Leveraging hillslope connectivity for improved large-scale assessments of landslide risk

Abstract. Landslides hinder sustainable development in mountain regions, threatening livelihoods and impacting linear and water infrastructure. Susceptibility maps are a common tool for estimating and managing landslide hazards, exposure, and risks. Yet, susceptibility maps omit hillslope connectivity, a critical shortcoming for mapping the magnitude of landslide hazards, including cascading hazards from slope failure and downslope runout. Herein we propose the COHESION (COnnected HillslopE SusceptibIlity for slOpefailure and ruNout) approach to couple susceptibility mapping with an assessment of hillslope connectivity to identify downslope-connected landslide objects (LSOs) and associated runout pathways. As we demonstrate for the Kaligandaki basin in Nepal, analyzing LSOs enables estimating the magnitude of slope failures in terms of mobilized sediment volume and to quantify additional impacts from landslide runout.
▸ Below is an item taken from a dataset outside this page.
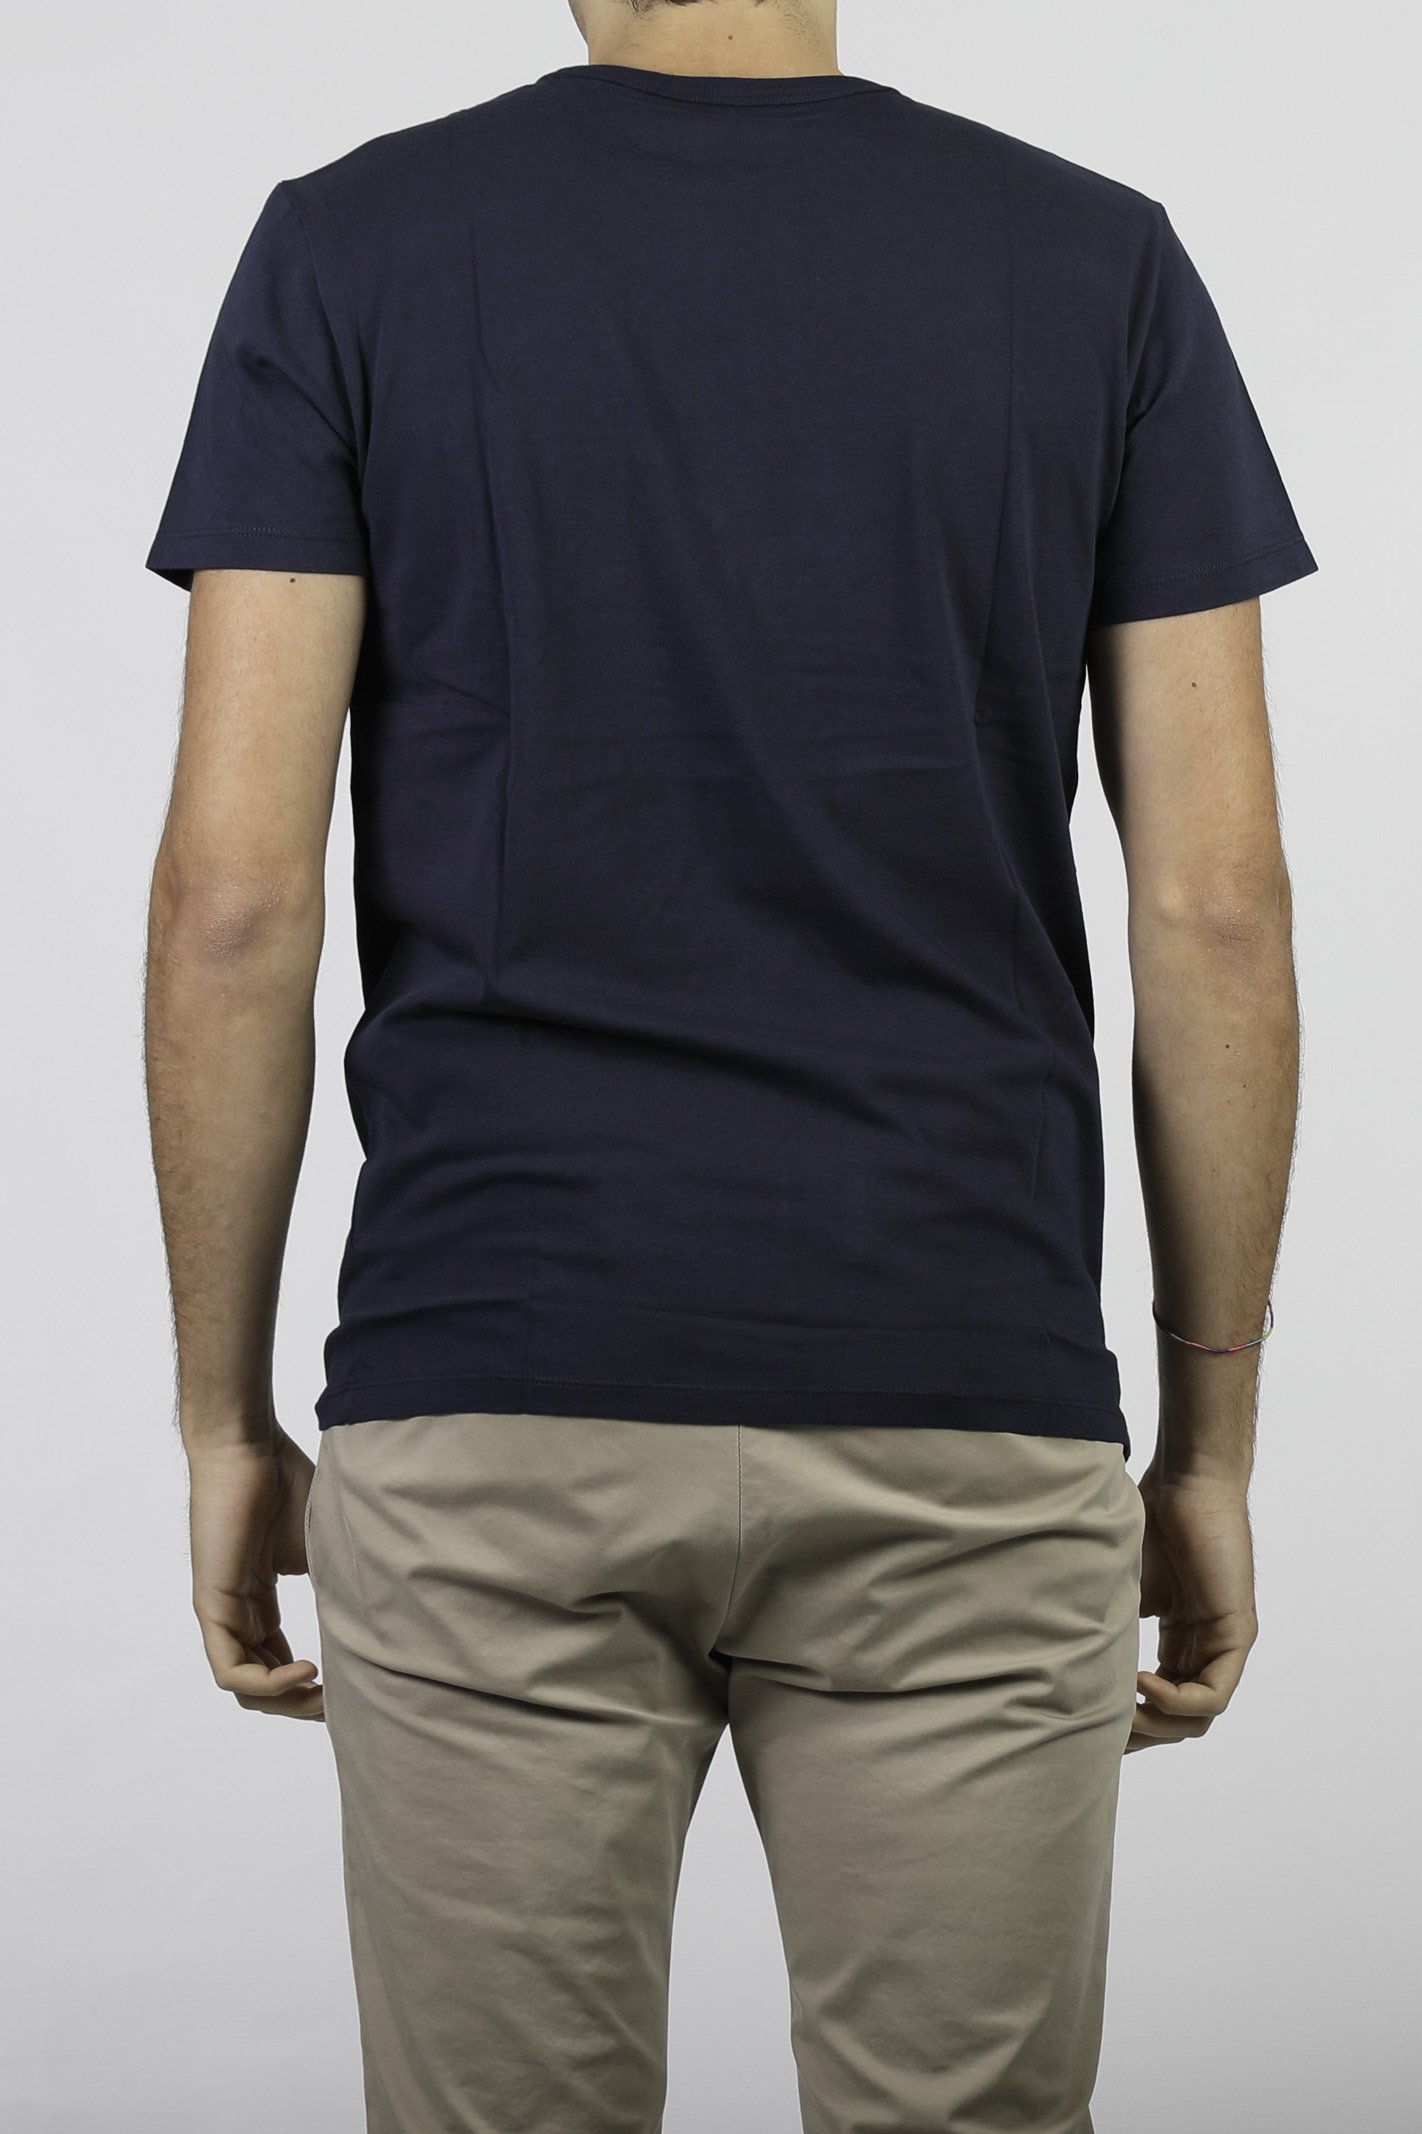 T-SHIRT IN COTONE SUN 68   T-shirt   T3110107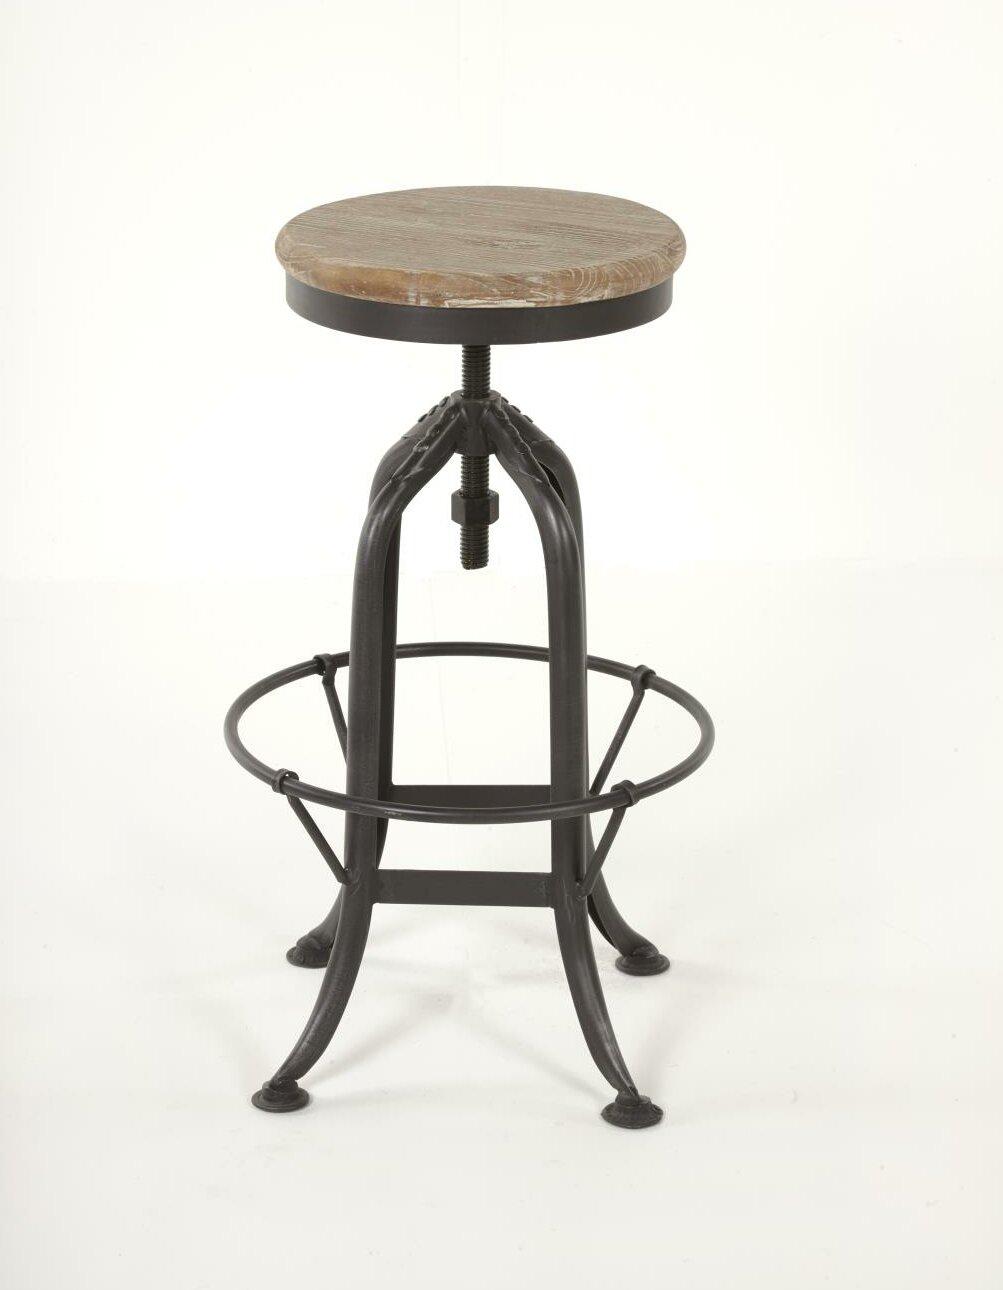 Strange Ramsell Iron Adjustable Height Swivel Bar Stool Beatyapartments Chair Design Images Beatyapartmentscom

After calibration using a remotely sensed landslide inventory, we find that 16 % of the basin’s slopes are susceptible to failure, while an additional 9 % of the basin area is impacted by runout. Around 33 % of buildings and 65 % of roads in the basin are on susceptible slopes, while more than 27 % of buildings and 69 % of roads are in landslide runout pathways. Omitting runout from landslide assessments would thus result in a major underestimation of risk. Our results emphasize the importance of connectivity for slope stability modeling on landscape scales, leading to improved assessments of slope hazards and management of river basin sediments.